Since its birth, Artificial Intelligence (AI) has expanded its application fields and has begun to create value for society. Currently, AI faces two main challenges [1], one is the problem of data silos, and the other is the privacy and security of data. In practical applications, the data required by AI models involve many types. In most industries, however, the data owned by individuals are limited and poor, and it is impossible to build a well-performing AI model using the existing private data. To address this barrier, we hope to combine data from various domains into a common model. However, due to industry competition, data privacy and security concerns, and even the high cost, data aggregation between different institutions can be difficult.

To solve data silos and data privacy security issues, Google first proposed the concept of Federated Learning [2] (FL). In the FL process, each party can perform model training locally, and there is no need to disclose and share private data, which ensures data privacy.
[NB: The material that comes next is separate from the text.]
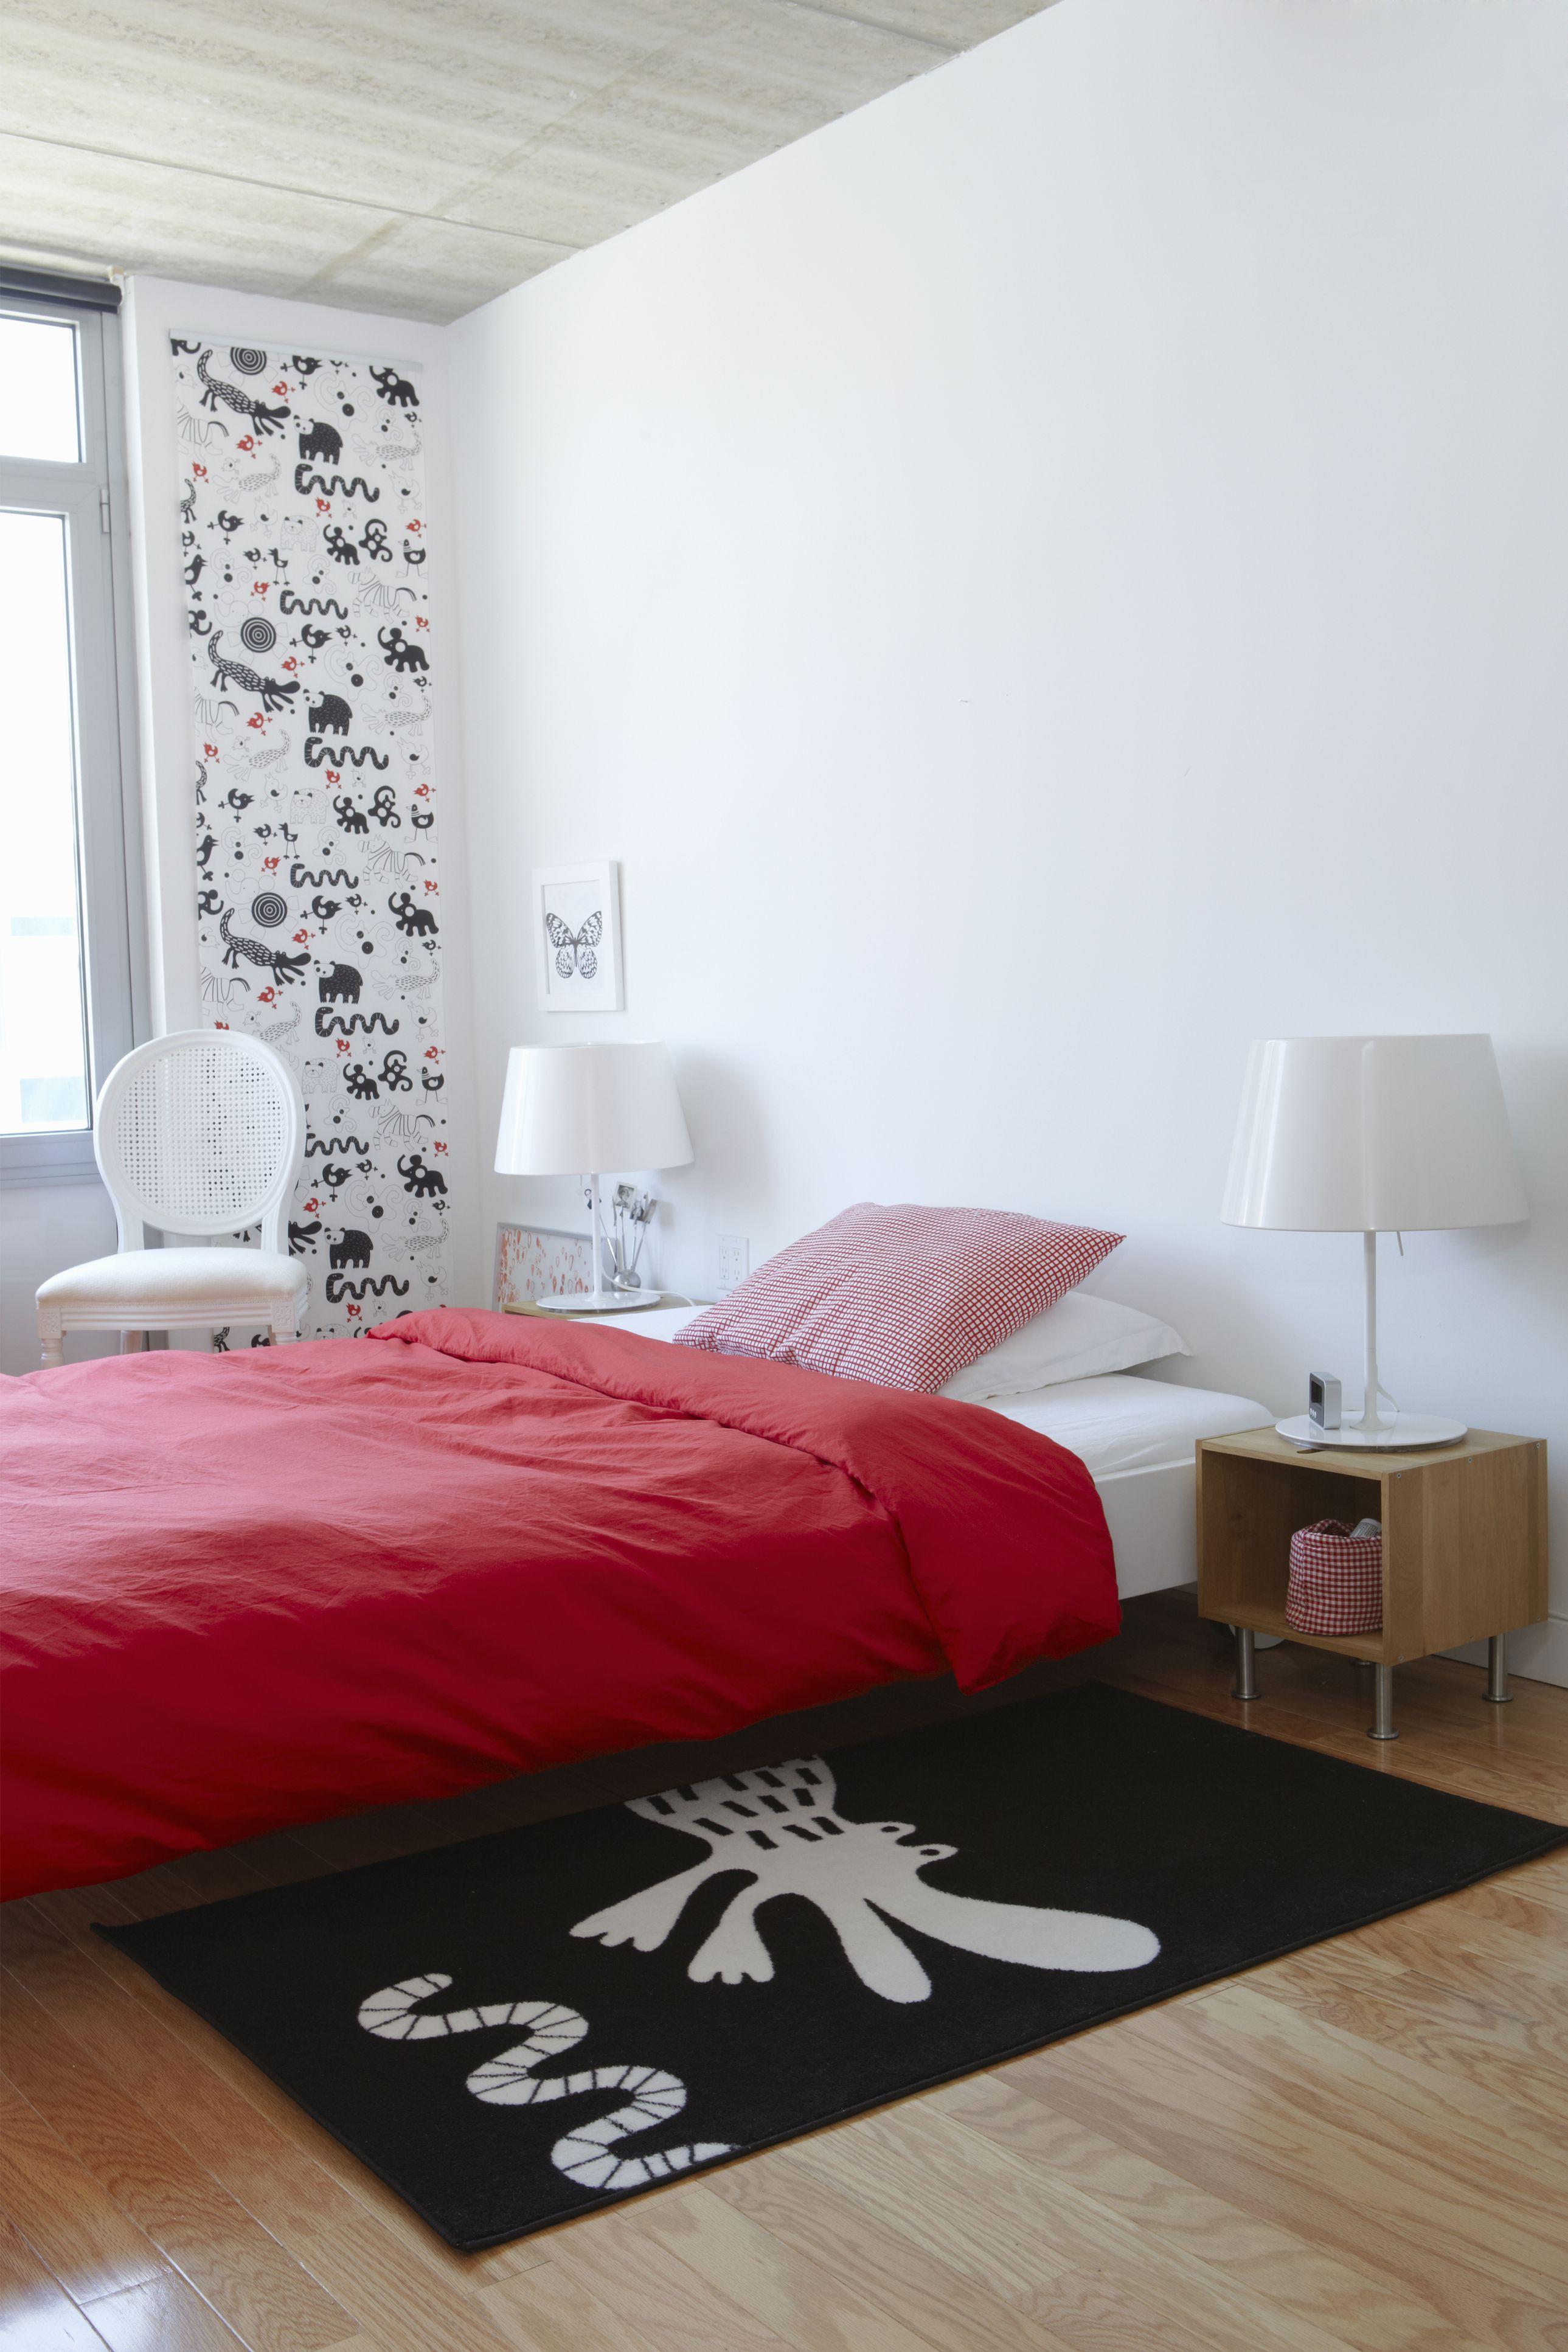 Consejos para decorar el cuarto de un adolescente for Formas de decorar mi cuarto

At the same time, the model obtained through FL can approximate the performance of the ideal model (a machine learning model obtained by training the data of each participant together).

As a new research field, FL still faces privacy and security issues [3,4]. At present, the security threats encountered by FL are mainly divided into several categories: poisoning attacks [5,6], backdoor attacks [7,8,9], communication bottlenecks [10,11], generative adversarial network(GAN) [12] attacks [13,14,15], etc. Among them, the GAN-based attack can generate private data similar to that of the victim, making the victim’s privacy leak. In other words, the attacker can obtain samples of other participants, and this process only requires black-box access. Since all possibilities of a GAN-based threat cannot be foreseen, it is classified as a high-impact and priority threat.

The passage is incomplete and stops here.